Look below for the line with "Rhubarb Upside Down"; begin the copy there and stop after the line with "IBM Partner Pavilion", keeping the text exact and the pictures out.

MATERIAL FOR THIS EXERCISE |
--------------------------------------------------

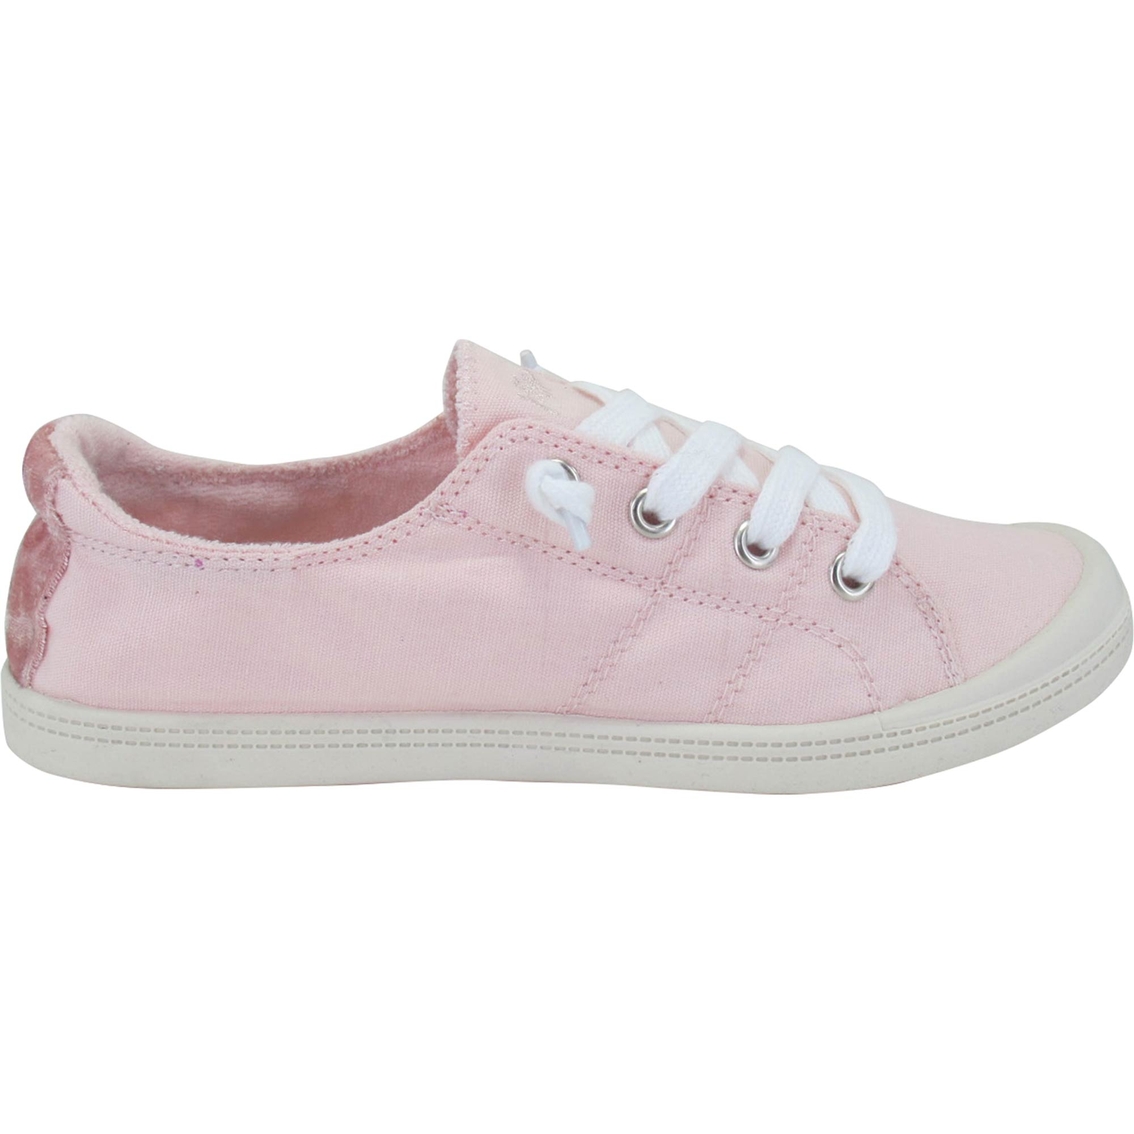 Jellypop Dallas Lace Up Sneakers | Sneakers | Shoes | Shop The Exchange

--------------------------------------------------

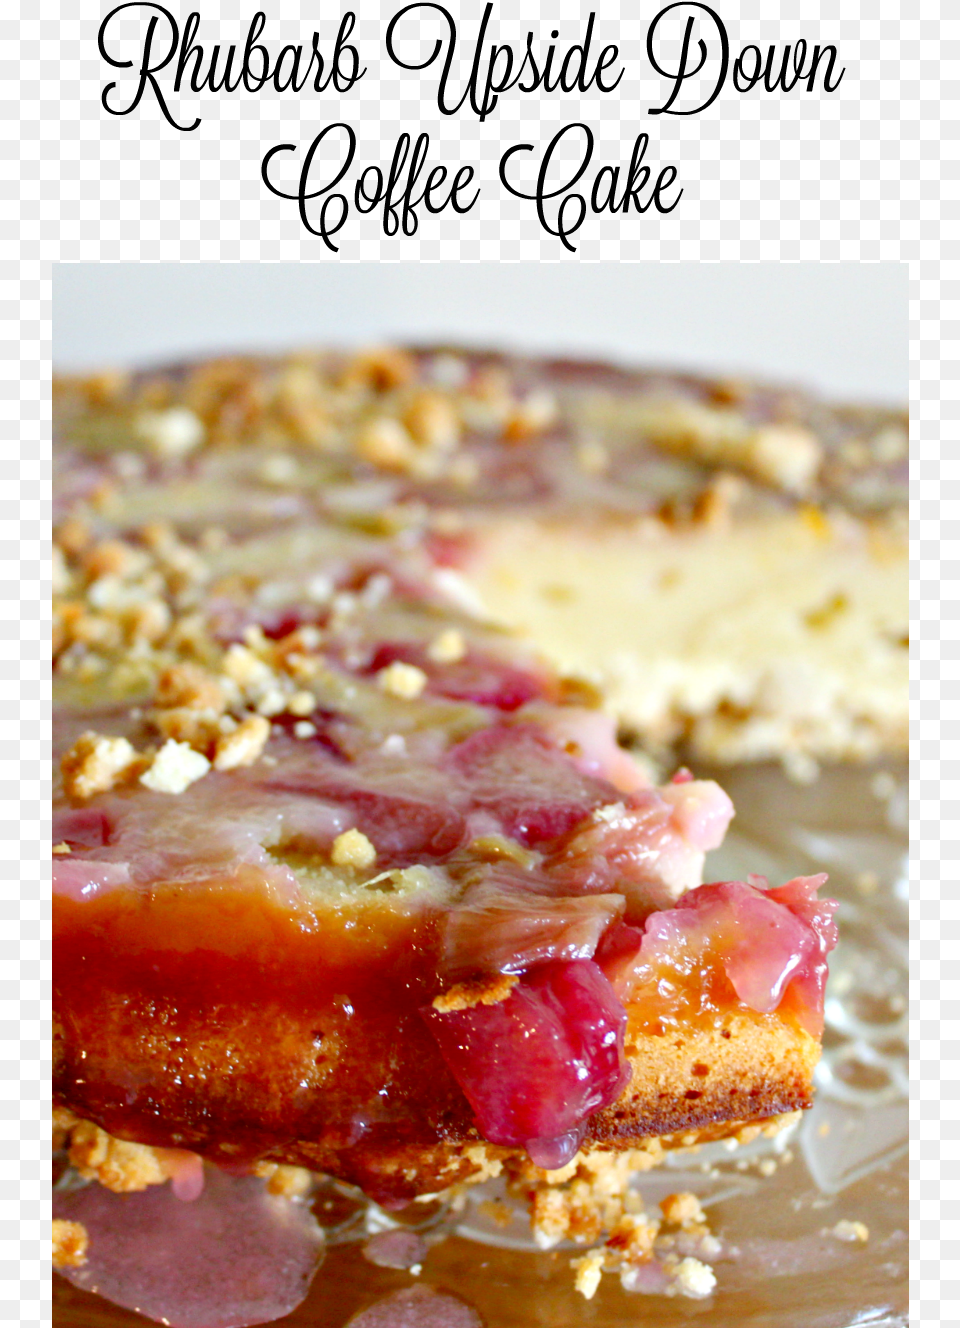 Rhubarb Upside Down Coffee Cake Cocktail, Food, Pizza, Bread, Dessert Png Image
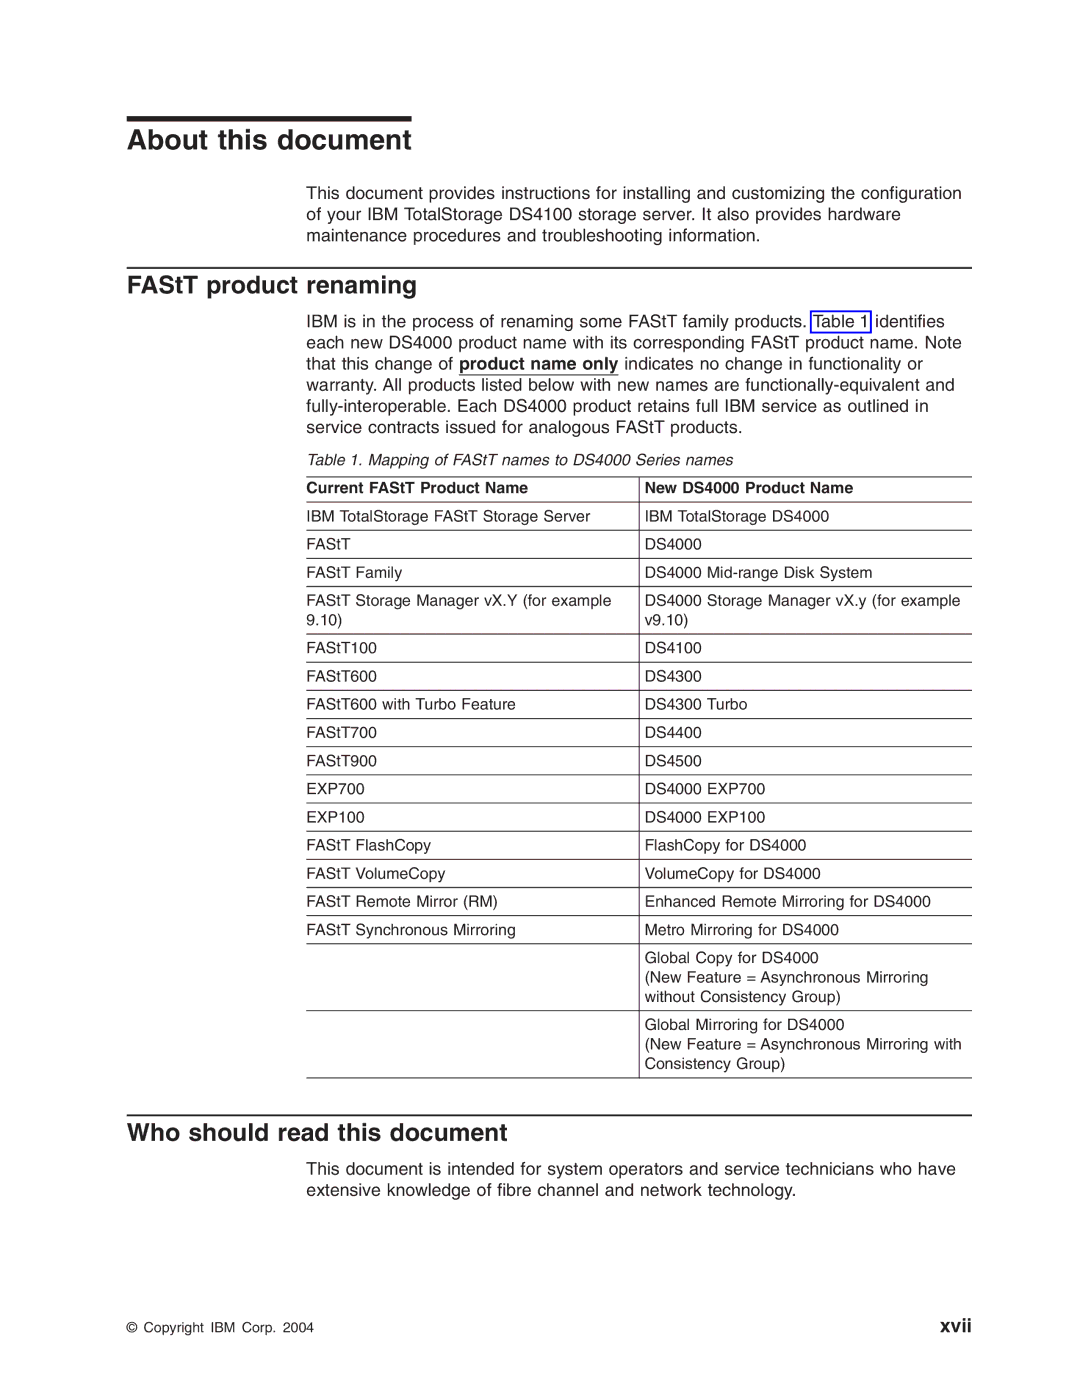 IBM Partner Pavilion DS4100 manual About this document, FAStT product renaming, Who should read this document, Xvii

--------------------------------------------------

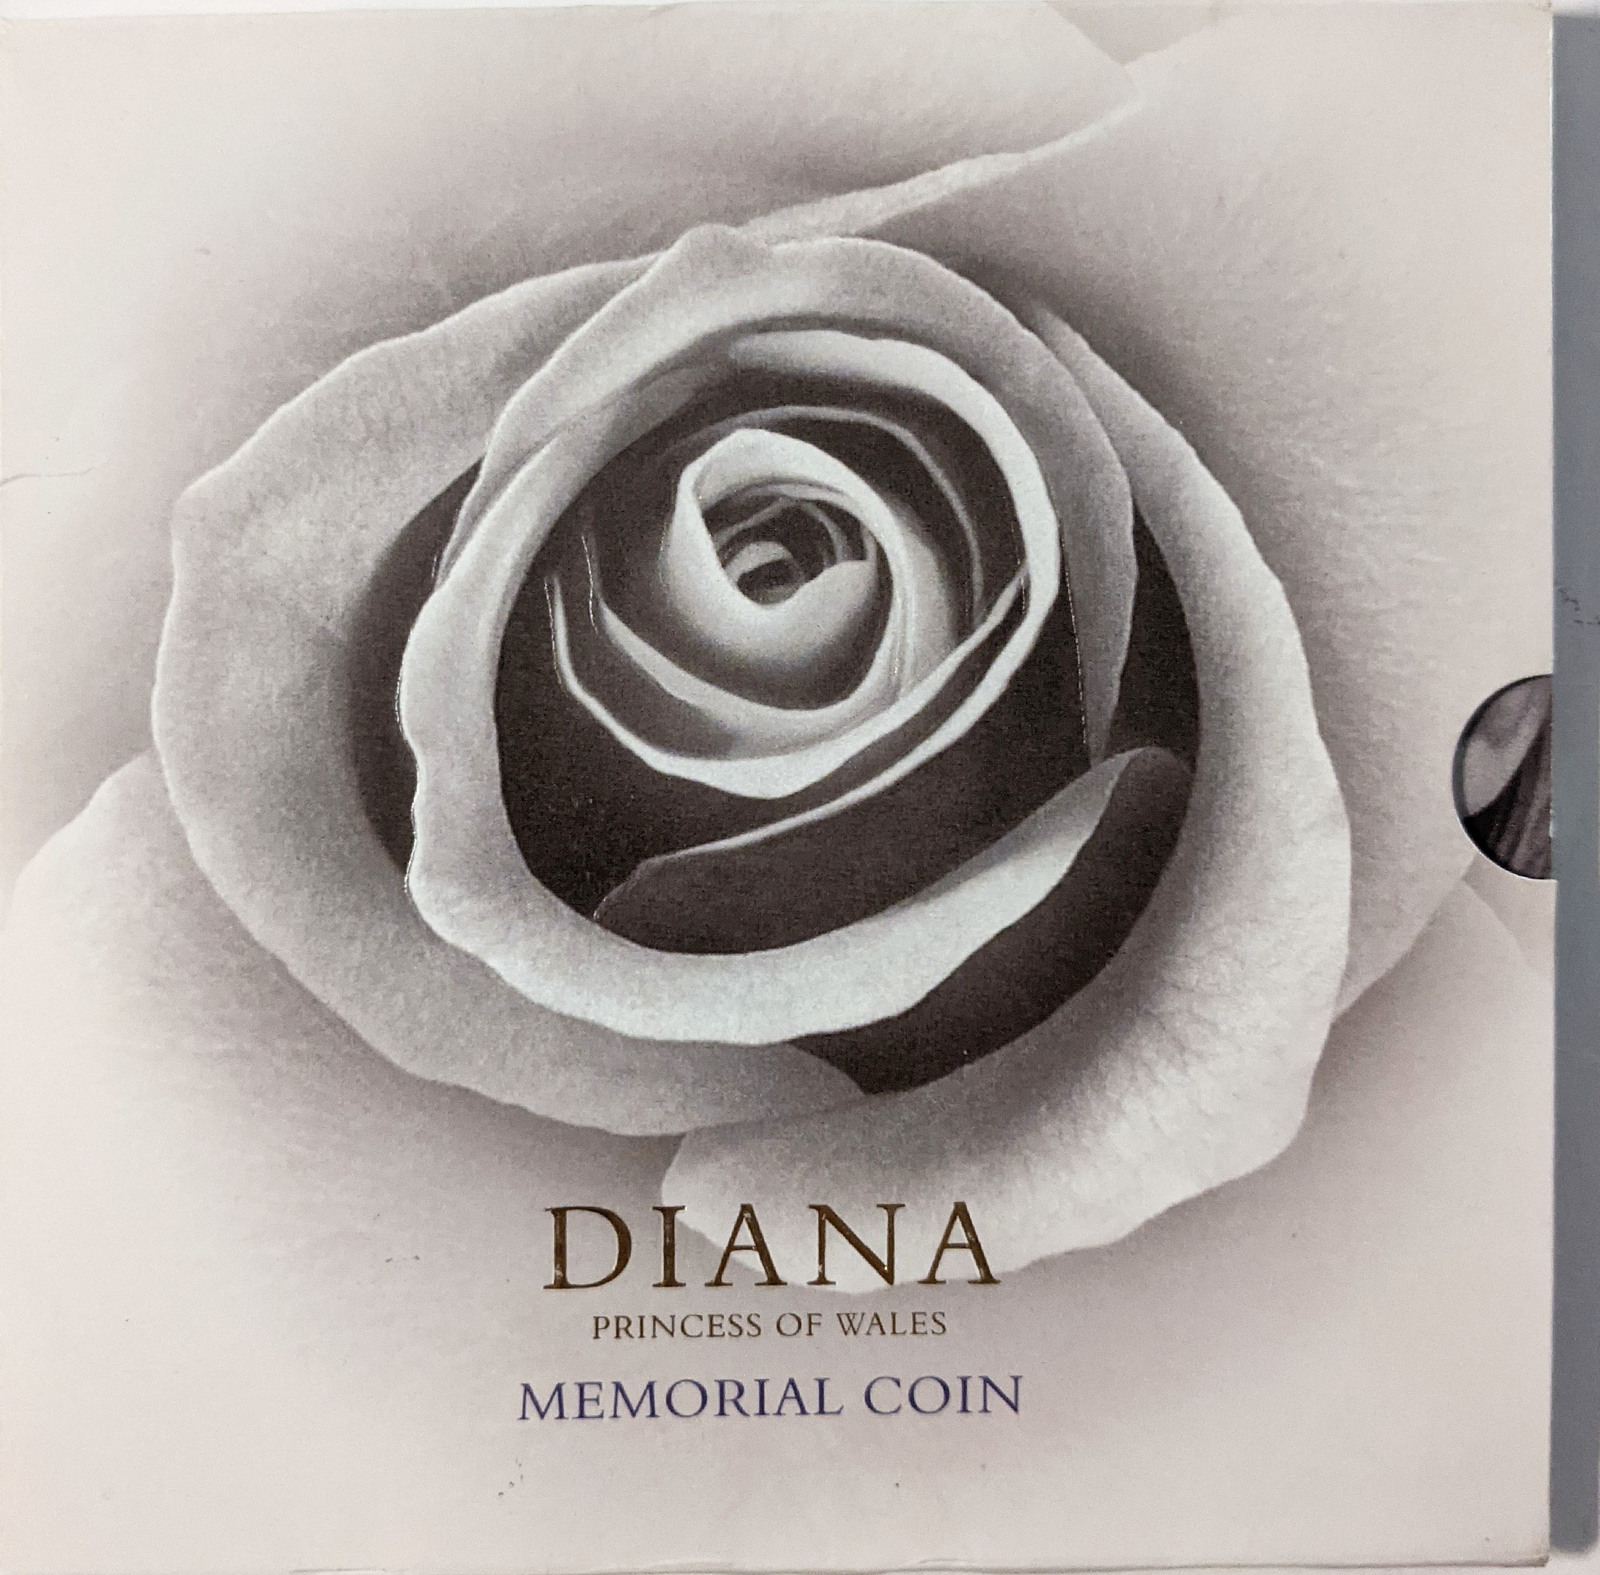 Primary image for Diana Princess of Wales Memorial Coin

--------------------------------------------------

TASK OUTPUT |
 Rhubarb Upside Down Coffee Cake Cocktail, Food, Pizza, Bread, Dessert Png Image
 IBM Partner Pavilion DS4100 manual About this document, FAStT product renaming, Who should read this document, Xvii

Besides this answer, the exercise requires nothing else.